Mit der Versicherungsfreiheit in der gesetzlichen Krankenversicherung (GKV) kann die Mitgliedschaft in der Regel zum Ablauf des übernächsten Kalendermonats, gerechnet von dem Monat, in dem die Kündigung erklärt wird, gekündigt werden. Dies regelt Paragraf 175 Absatz 4 SGB V. Die Kasse muss dem Mitglied dann „innerhalb von zwei Wochen nach Eingang der Kündigung eine Kündigungsbestätigung zusenden“.

Wirksam wird die Kündigung, wenn das Mitglied eine „anderweitige Absicherung im Krankheitsfall nachweist“. Gemeint ist damit eine private Krankenversicherung. Ebenso ist natürlich eine freiwillige Versicherung bei einer anderen gesetzlichen Krankenkasse möglich.

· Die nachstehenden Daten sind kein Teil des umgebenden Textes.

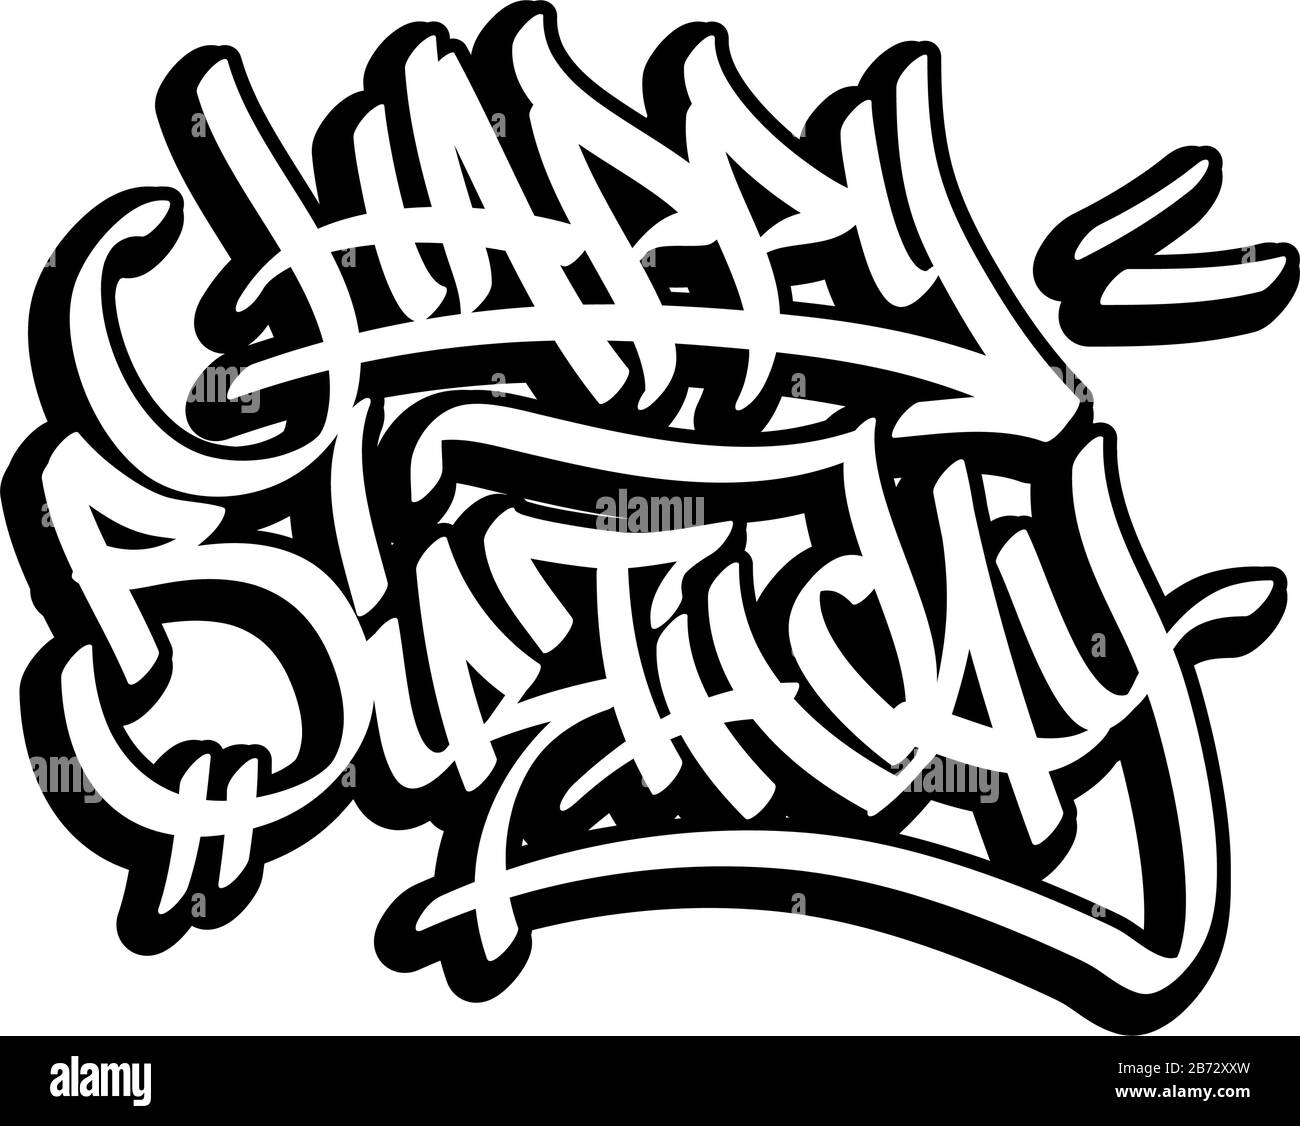 Graffiti Vectors Banque D Image Et Photos Page 4 Alamy

Sonderregel für Berufsanfänger

Eine besondere Regelung gilt für Berufsanfänger ohne bisherige sozialversicherte Beschäftigung, die erstmalig eine Tätigkeit aufnehmen. Überschreitet das Entgelt der Betroffenen bei erstmaliger Aufnahme einer Beschäftigung sofort die Versicherungspflichtgrenze, so tritt bereits ab dem ersten Tag der Beschäftigung die Versicherungsfreiheit ein. Diese Regelung ist vor allem für diejenigen wichtig, die nach Studienende sofort eine hoch bezahlte Beschäftigung aufnehmen.